Here’s an example code snippet:
import pandas as pd
# Load the CSV file
df = pd.read_csv('NIFTY_EOD.csv')
# Calculate EMA values based on the Close column
ema5 = df['Close'].ewm(span=5, adjust=False).mean()
ema10 = df['Close'].ewm(span=10, adjust=False).mean()
# Append EMA values as new columns in the DataFrame
df['EMA5'] = ema5
df['EMA10'] = ema10
# Save the updated DataFrame to the same CSV file
df.to_csv('NIFTY_EOD.csv', index=False)
# Display the recent 10 rows of the DataFrame
df.tail(10)
Output:
Cleaning and transforming data:
Often, CSV files may have messy or inconsistent data that needs to be cleaned and transformed before analysis. Pandas provides a wide range of functions for data cleaning, such as fillna()
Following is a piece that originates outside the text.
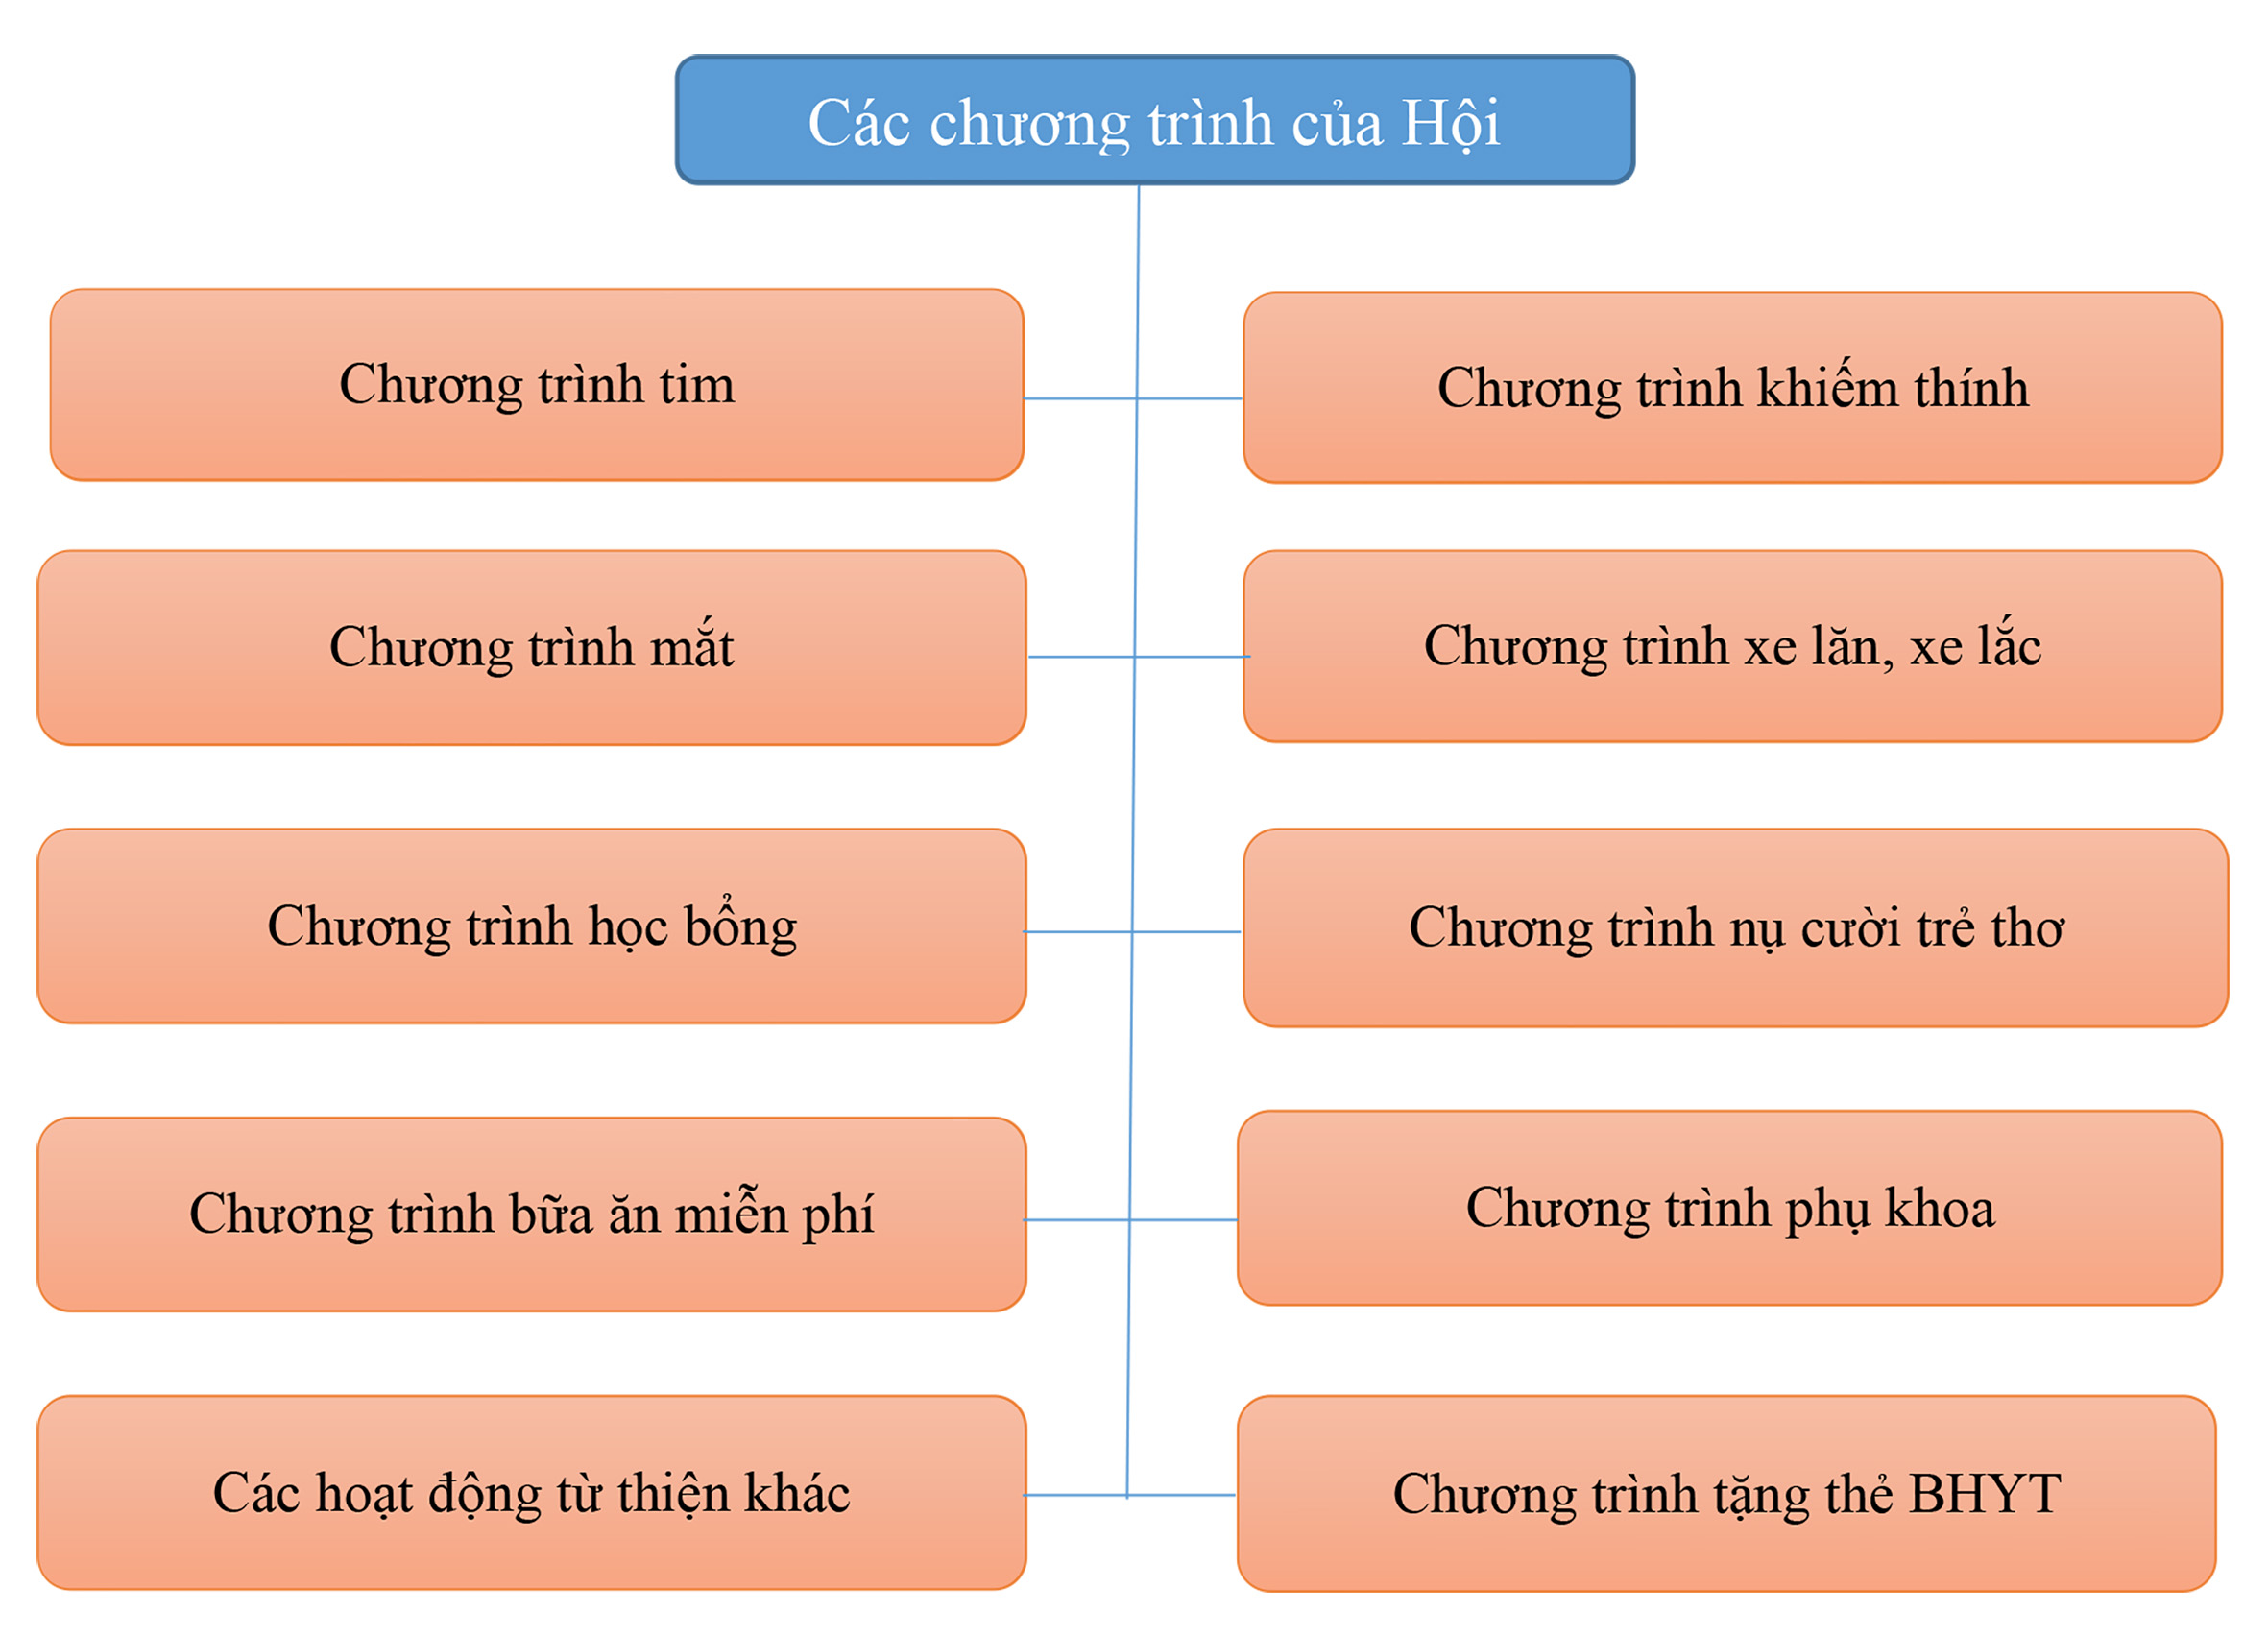 cac chuong trinh cua Hoi, 26-6

for filling in missing values.
Checking for Missing Values
It’s important to check for missing values in your data as they can affect your analysis. You can use the isna() or isnull() function to check for missing values. The output will be a DataFrame with True or False values, where True indicates a missing value.
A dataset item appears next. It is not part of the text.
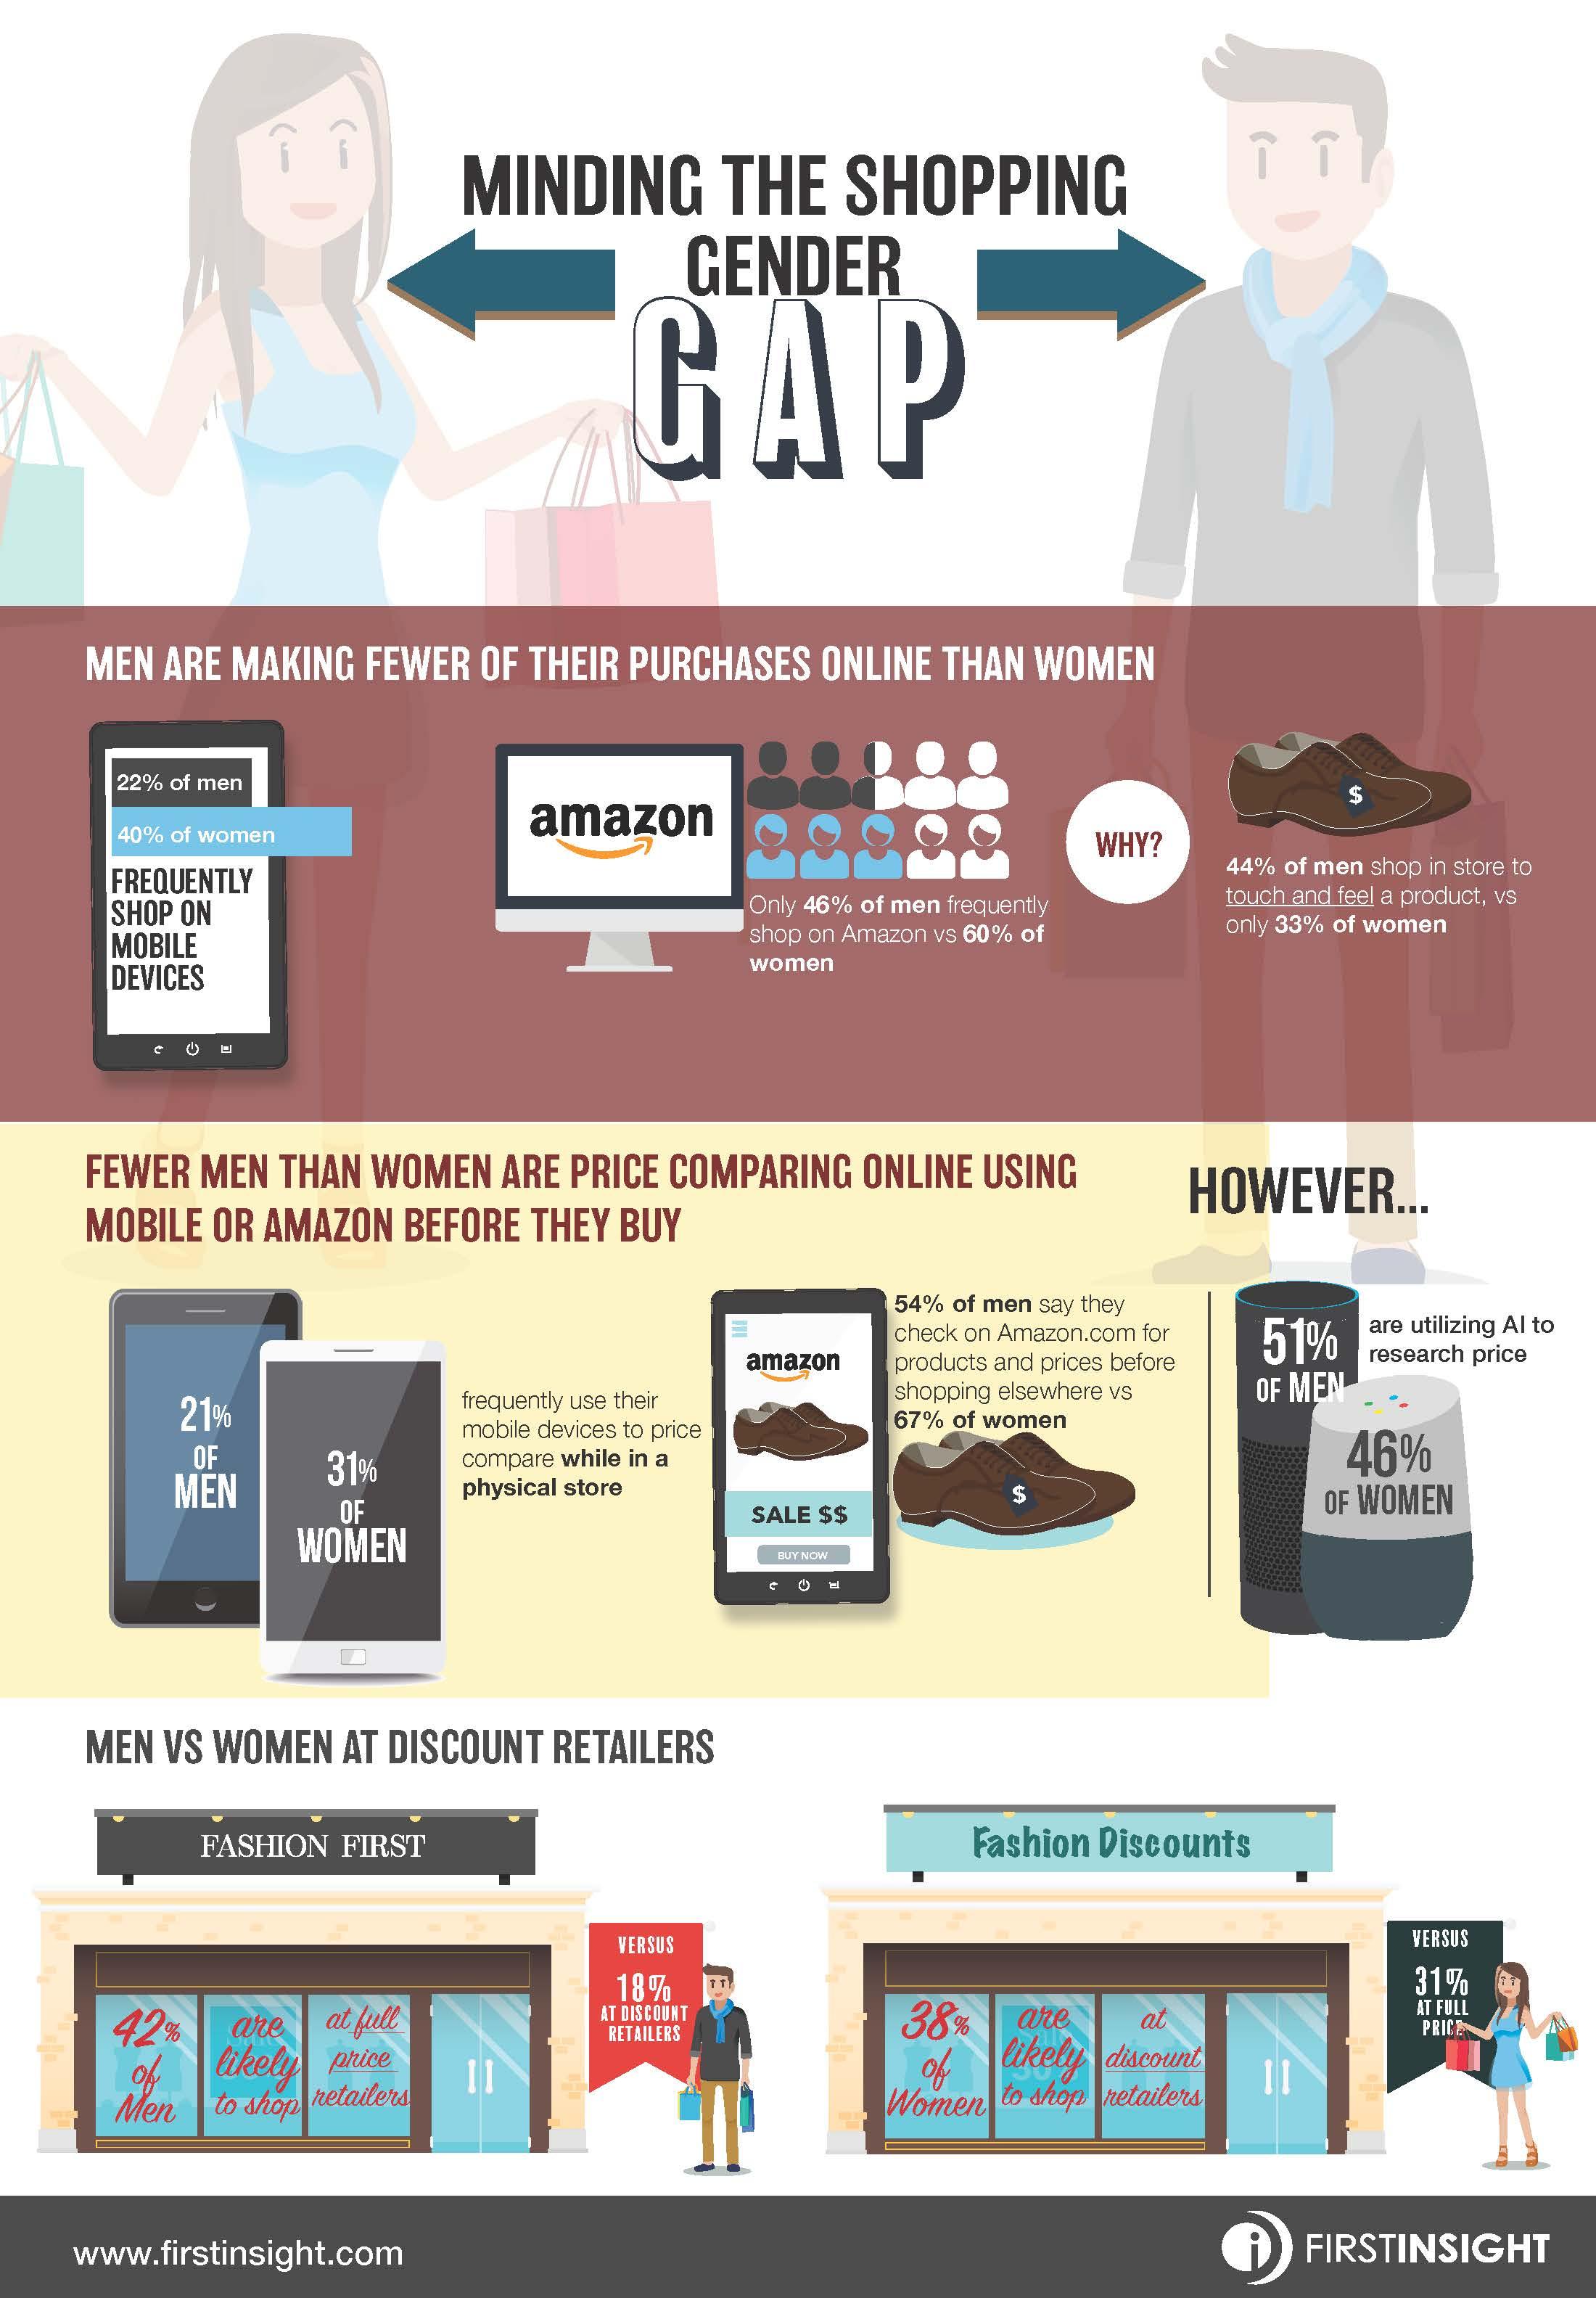 Men Aren't Willing To Shop Online As Much As Women, Survey

# Check for missing values in the DataFrame
print(df.isna())
# Check for missing values in the 'Close' column
print(df['Close'].isnull())
Output:
As we can see from the output, there are no missing values in our DataFrame.
Writing to a CSV File
We can also write our DataFrame to a CSV file using the to_csv() function.
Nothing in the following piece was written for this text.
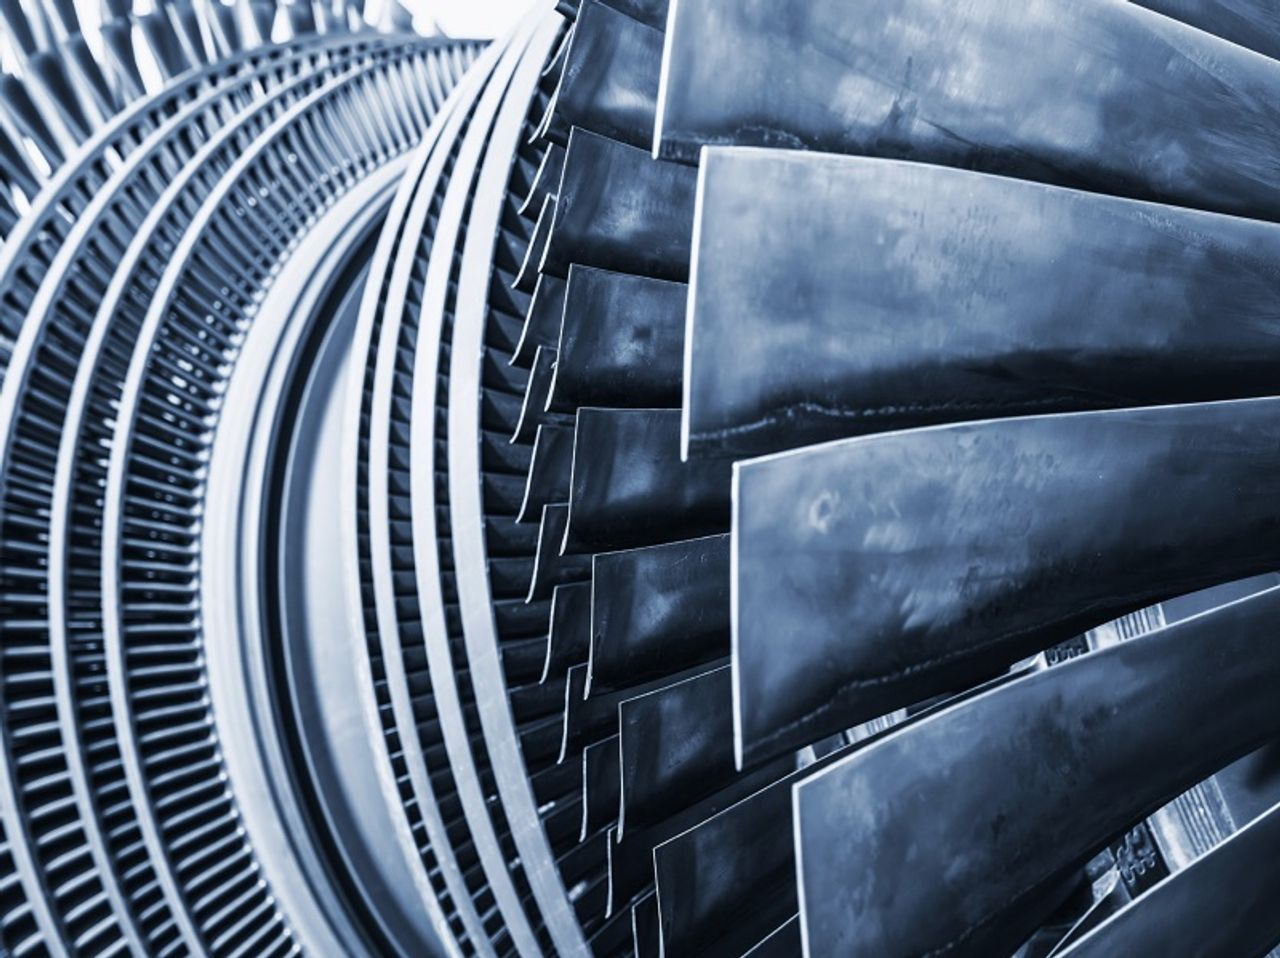 Kundenreferenz, Siemens Gas & Power, Referenz, thyssenkrupp, Turbinen, Industrieanlage, Industrie, Beschaffung

# Write the DataFrame to a CSV file
df.to_csv('new_file.csv')
Exporting data to CSV or other formats: After manipulating and analyzing data, you may want to export it to a CSV file or other formats such as Excel or JSON. Pandas provides functions such as to_csv()
, to_excel()
, and to_json()
for exporting data.
In this part of the tutorial, we learned how to fetch data from a CSV file containing stock market data and apply various Pandas concepts to manipulate and analyze it. We converted the date/time column to a datetime object, set it as the index, and resampled the data to monthly frequency. We also demonstrated how to check for null values and append calculated values to the same CSV file. Additionally, we covered writing DataFrames back to CSV files and learned how to list the columns in a DataFrame. By the end of this tutorial, you should have a better understanding of how to effectively work with stock market data in Pandas and be better equipped to perform data analysis for trading purposes.